How studying clouds can improve climate models
Associated researcher Kara Lamb grew up reading his father’s American Scientist magazines. She absorbed everything she could about quantum physics and for a time thought she would study it for the rest of her career. But in 2008, after Lamb completed his master’s degree on the subject, the urgency of the climate crisis loomed ever larger. The Intergovernmental Panel on Climate Change has just published its fourth assessment report, and the questions it raised about Earth’s systems were as complex as they were motivating, enough for Lamb to choose to redirect his doctorate and subsequent work to atmospheric science. Now at Columbia Engineering, Lamb is studying how machine learning methods can be used to better understand the microphysics of cirrus clouds.
Cirrus clouds form higher in the atmosphere than almost any other type of cloud, tens of thousands of feet above the ground. They form when water vapor is pushed into the stratosphere by rising warm, dry air, and then freezes due to low temperatures. The results are thin, feathery clouds made up of thousands to millions of ice crystals. These ice crystals – and their many different structures, shapes and sizes – influence the way cirrus clouds both reflect incoming sunlight and trap outgoing heat from Earth, also known as the radiative cloud effect.
Lamb is one of the first people to use machine learning to study the shape of ice crystals in cirrus clouds.

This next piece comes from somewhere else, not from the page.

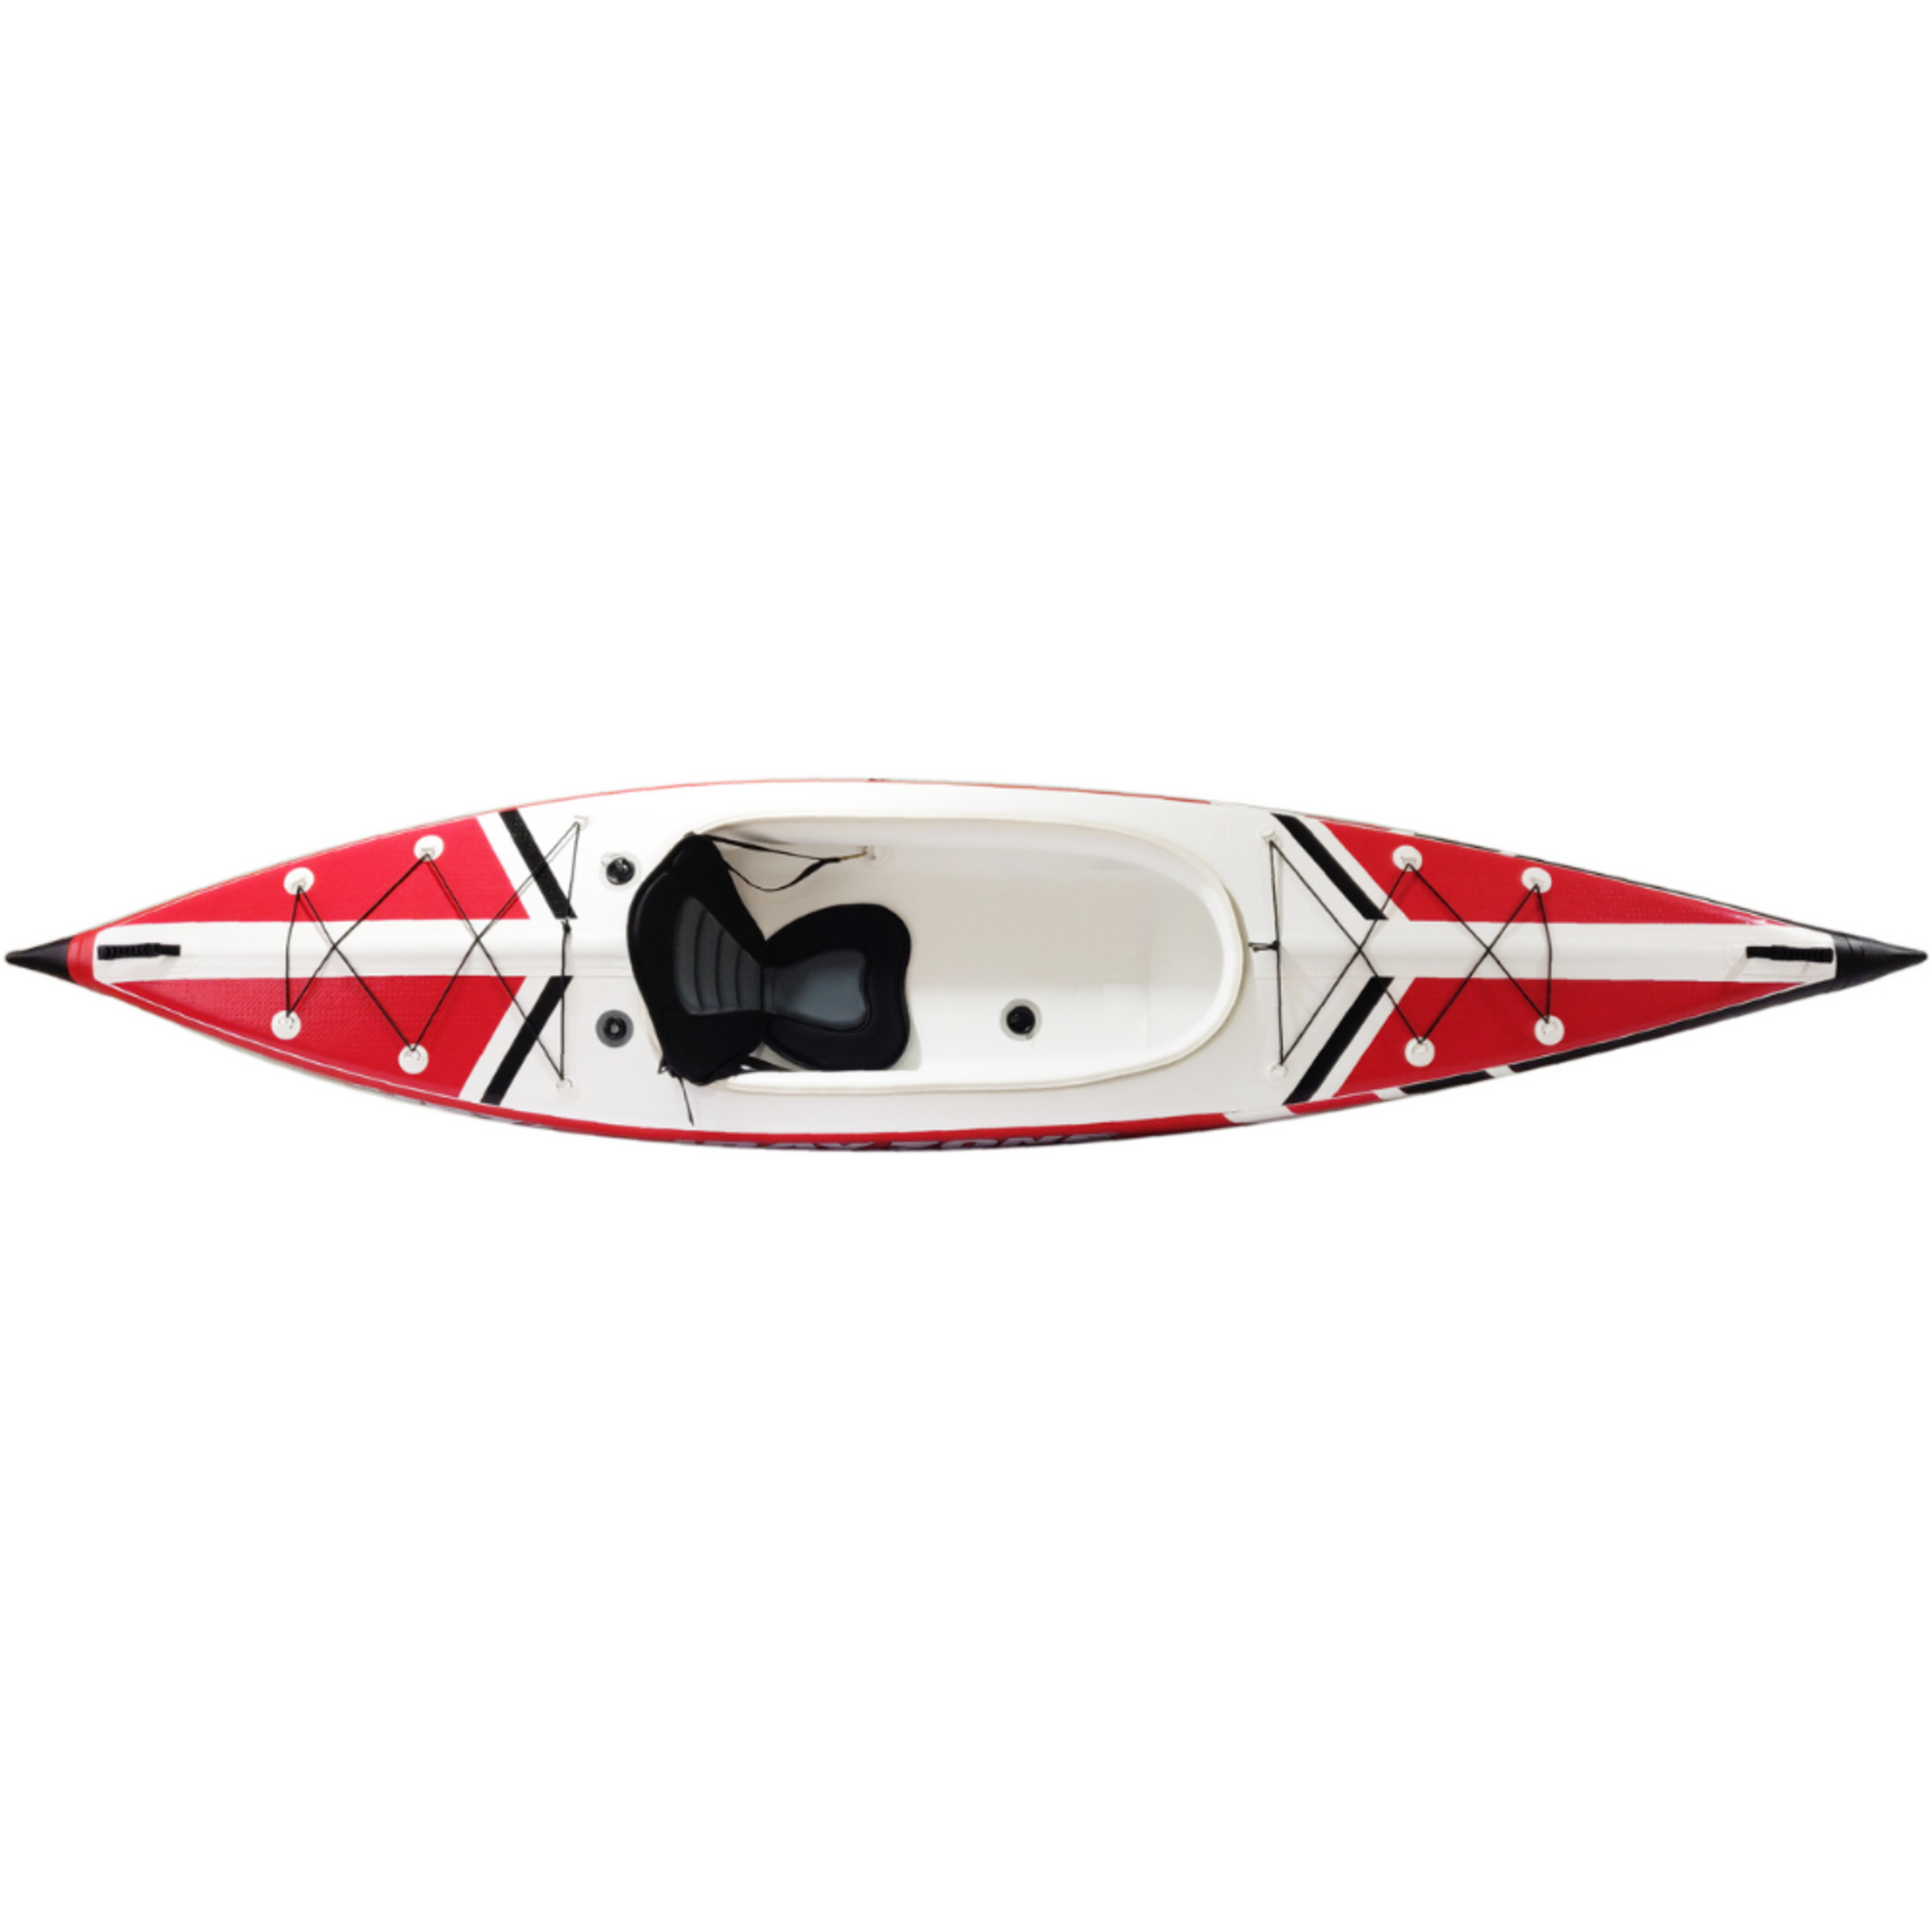 Kayak Hinchable 1 Plaza Jbay.zone V-shape Mono Enteramente En Drop-stitch - Blanco/Rojo - Kayak individual MKP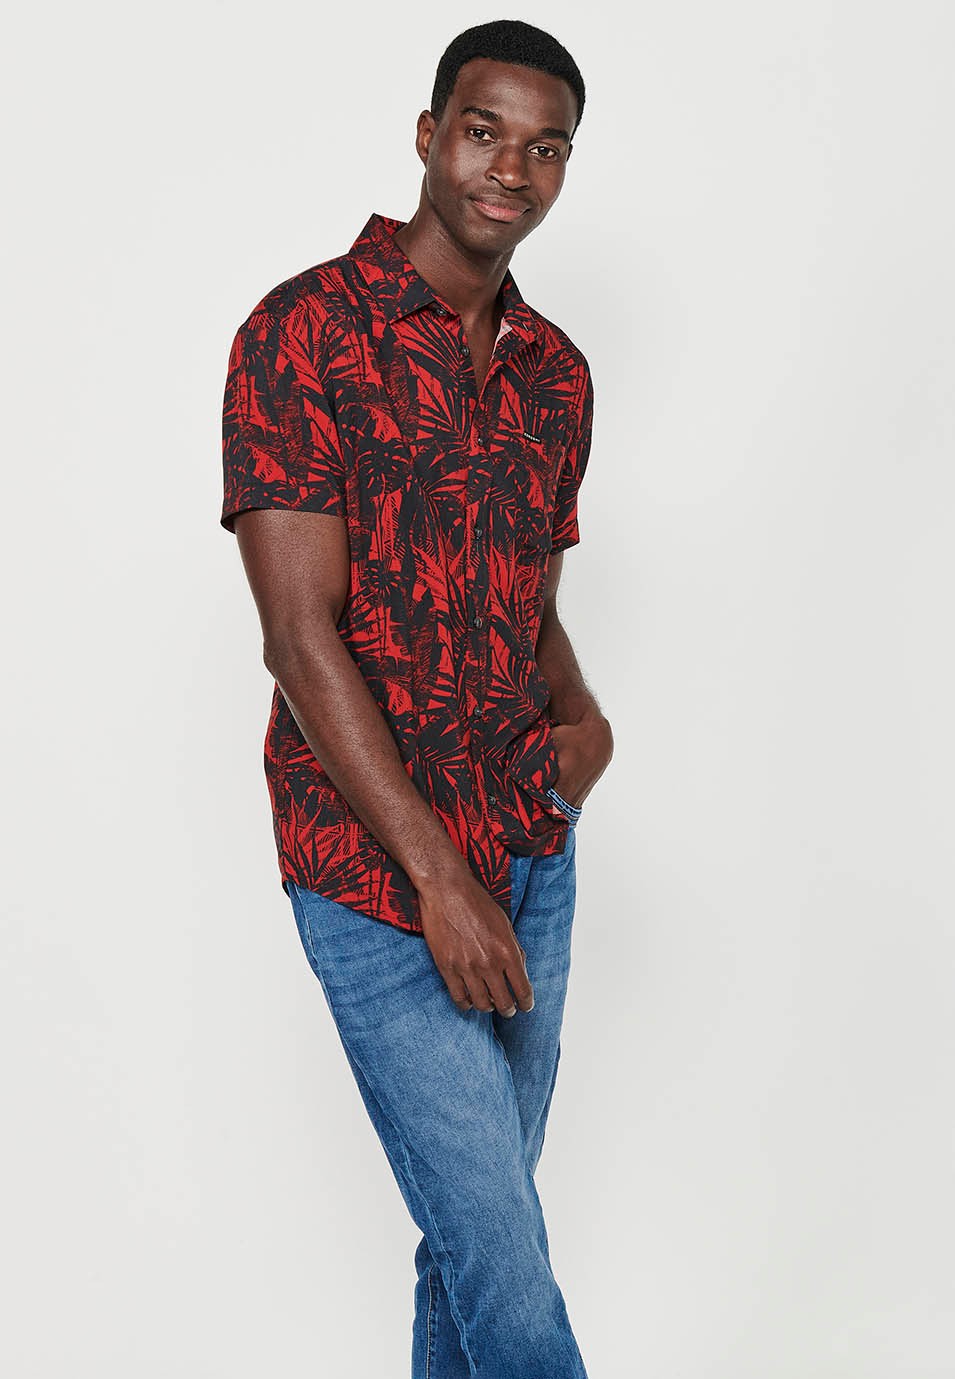 Chemise à manches courtes pour hommes, imprimé floral rouge, fermeture boutonnée sur le devant 6

By doing so, she hopes to shed light on how scientists account for clouds in climate models.
“Even though it seems like a small chunk, when you look at the sensitivity of climate models to cloud feedback, there’s quite a large spread across the climate models,” Lamb said.
machine learning could help remove this uncertainty by processing and generalizing new insights from vast expanses of ice crystal data at unprecedented speed. Traditionally, atmospheric scientists have had to come up with a set of mathematical equations, based on physical principles, to describe how a system – in this case, a cloud – works. This process can be slow, as scientists must iteratively compare models to observations and then adjust model parameters to improve performance. In contrast, machine learning can be used to learn directly from data; these algorithms build models by “training” on observations.
Pattern recognition is one of the many ways machine learning can integrate with cloud microphysics research. While previous research applying machine learning to ice crystal observations focused on classifying images based on the shape of ice crystals, Lamb plans to take it a step further and learn something about the process of ice growth directly from the images, using state-of-the-art technologies. methods developed by the machine learning scientific community. Now three months into the three-year project, Lamb is testing algorithms. Once the model is trained, Lamb estimates she will provide him with some 12 million different images for this project alone.
“Each data source gives us a different little part of the picture,” Lamb said. “This is where we want to use machine learning methods as well as statistics to try to figure out how to put all this information together.”
Most of the data Lamb uses comes from collaboration with other universities. For instance, Kara Sulia at the University of Albany compiled ice crystal observations from various aircraft measurement campaigns into a massive database. At Pennsylvania State University, Jerry Harington captured high-resolution images of ice crystals using a balloon instrument to collect and then freeze samples in liquid nitrogen. Other datasets come from large-scale “cloud chamber” experiments where cloud formation is simulated in a laboratory, allowing scientists to systematically study cirrus formation while testing different cloud conditions. aerosols, temperatures and pressures. Lamb uses cloud chamber data from his previous research at the University of Chicago, done in collaboration with researchers at the Karlsruhe Institute of Technology in Germany.
And yet, despite what all of this data shows, most climate models – including those used for the reports of the Intergovernmental Panel on Climate Change – make a basic assumption that ice crystals are spheres. That’s partly because the models are so large-scale that they have to rely on simplified, “computationally efficient” ways to represent complex processes, Lamb explained.
“The model should be something you can run in a fast enough time frame to get a response,” she said.
Applying machine learning could help minimize some of this tension between accuracy and efficiency. As Lamb makes progress in using machine learning to analyze ice crystal data, she is simultaneously collaborating with Marcus van Lier-Walqui at the Columbia Climate School Climate Systems Research Center and colleagues at the National Center for Atmospheric Research on another project focused on how to apply this kind of new knowledge to the Community Earth System Model. The project is in partnership with the Earth Learning Center with Artificial Intelligence and Physics (LEAP) and is the perfect complement to Lamb’s deeper investigation of cirrus clouds.
“If we want to understand the significance of the radiative effects of these clouds, we need to more accurately represent the shapes of their ice crystals in climate modelling,” Lamb said. “That’s one of the biggest uncertainties to resolve.”
Fortunately, the work of Lamb and his colleagues offers a promising start.